I am the mother of three little boys, who very much love, demand the attention of and save the drama for their mama. One might even call them "Mama's Boys," a term I now use lovingly, though that wasn't always the case. Mama's Boys, that much maligned segment of the male population, have been accused for centuries of being wimpy, obedient, soft little pansies, whipped into submission by their mothers. I myself was guilty of avoiding Mama's Boys like the plague in my twenties. "Who wants a wuss who, like, respects his mother? So unattractive. I mean, like, grow a pair!" I'm speaking in my 20-something voice. I know. It's making me cringe too.
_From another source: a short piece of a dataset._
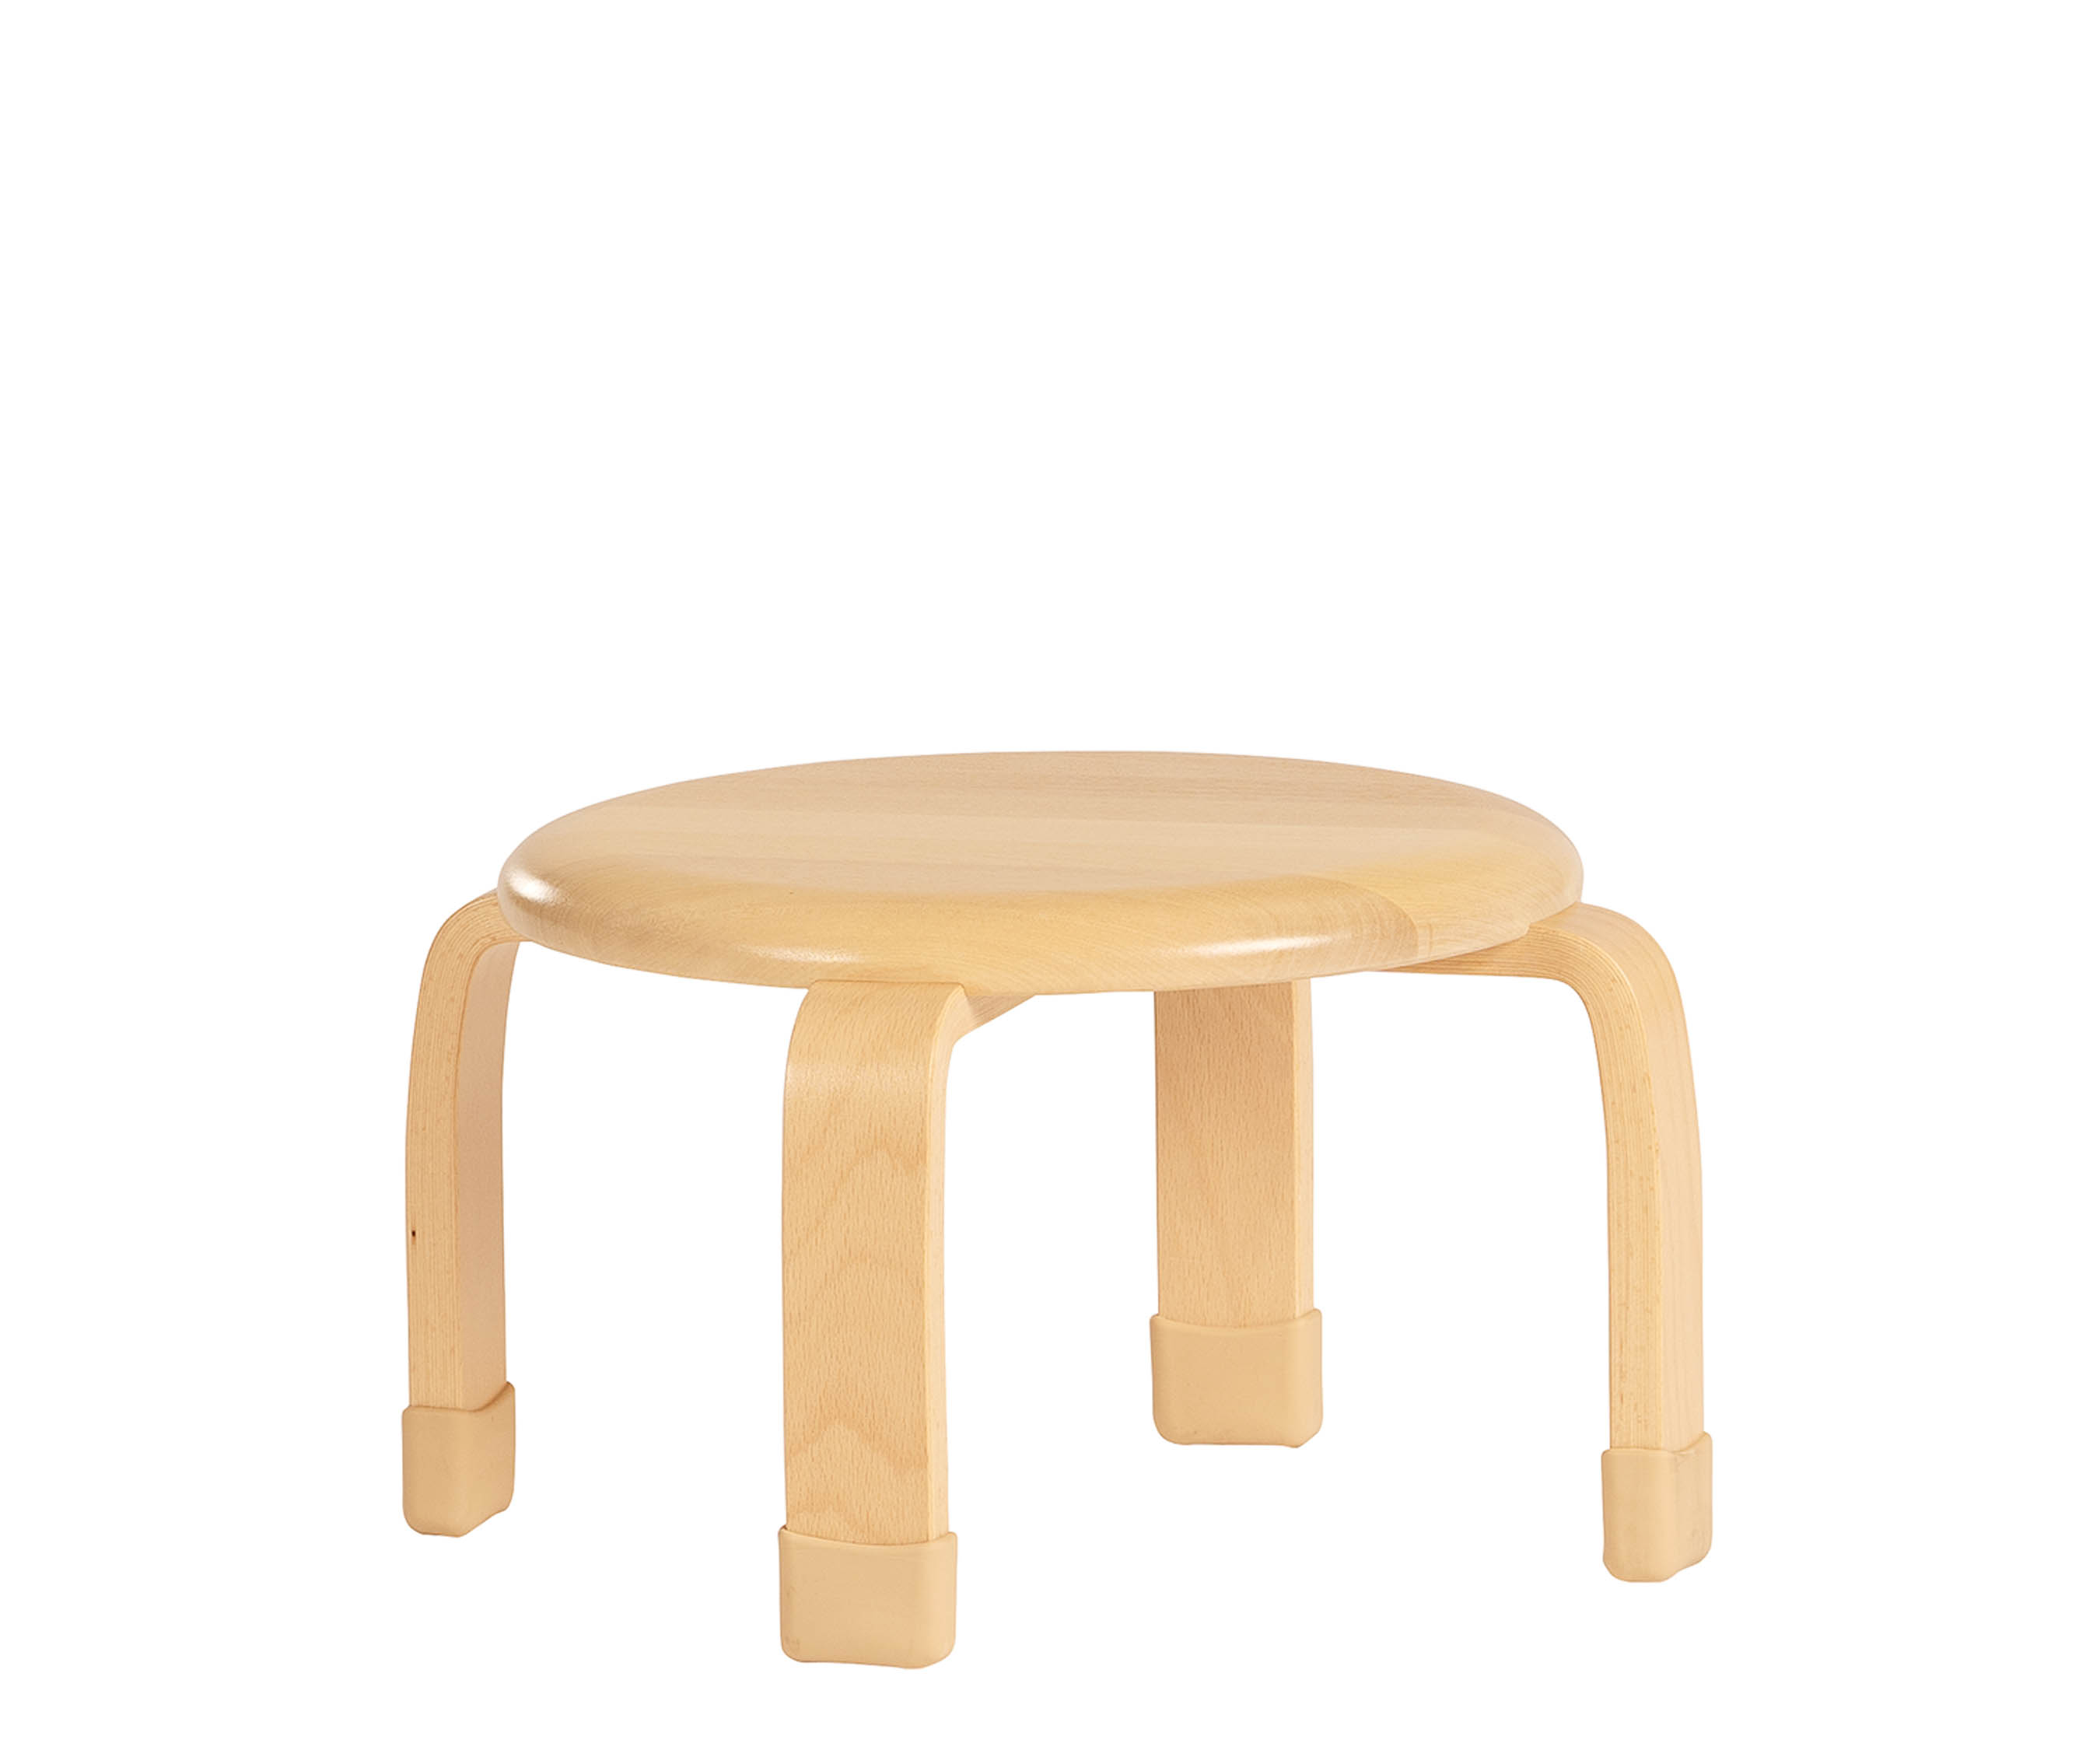 21 cm Stacking stool J123

But in my defense, I have a long history of not understanding boys in general, not just Mama's Boys.
I was raised in a family of five girls and one very active boy, who I thought was the spawn of the Devil. Boys are just not normal. They do things like running around in circles, much like dogs chasing their own tails, with no end or purpose in sight. They tackle you, poke you, hit you over the head with their heaviest Fisher Price Little People toys, pull your hair, give you noogies and dishtowel-snap you, making it impossible to ignore their presence, which you are so desperately striving to do. They don't sit and play with anything, so if you are babysitting them, you are actually sweating by the time your parents get home. My brother was an alien as far as I was concerned, and it would've made my life a lot easier if he'd just gone back to his home planet.
When I began to date, at the tender age of 14, I found that not only brothers but boys absolutely sucked as a gender. I was 29 when I got married, so in my illustrious 15-year dating career, I kissed a lot of frogs. I managed to emerge without a single wart (ew), but I did not emerge without my aches, bruises and battle scars. I dated men with anger issues, intimacy issues, cheating issues and drug and alcohol issues. I dated one soldier, one stock broker, one seminarian, one mortician and at least two drug dealers, and I would like to say that I was the one who said goodbye to each of these undesirables, but no. I got my heart broken by every single one of their arrogant-loser-bastard-asses! (Still working out some of my resentment. I've come a long way).
Anywho. Out of all these jerks, not one of them -- not a single one -- was a Mama's Boy. Not a single one of them was close to their mother; they held her at arm's length if they had any relationship with her at all. And back then, that was just fine with me. See, I was going to be the nurturing, loving woman in their lives, the one who was going to fix these fixer-uppers right up and turn them into nurturing, loving men. Sigh. I wish I could go back and tell the old me that these guys were already a lost cause, but I had to learn that lesson -- over and over again -- the hard way.
After lots of heartbreak and lots of therapy, I finally wised up and actually ended up allowing myself to fall in love with and be loved by a Mama's Boy. It took a lot of convincing by my therapist, my mom, my friends and even myself to accept that a man who treated me lovingly and respectfully, who I didn't have to chase because he wanted to be caught by me, was the type of man I should spend my life with. And now, 10 years later, I've ended up with three little boys who I do have to chase, but who love me unconditionally, respect me, listen to me, laugh with me, snuggle with me, talk to me and need me. I know they're still young, and I have my work cut out for me, but I know I'm up to the task. I know now that my destiny was never to "fix" men; it was to raise them. And I know my daughters-in-law will someday thank me for raising Mama's Boys.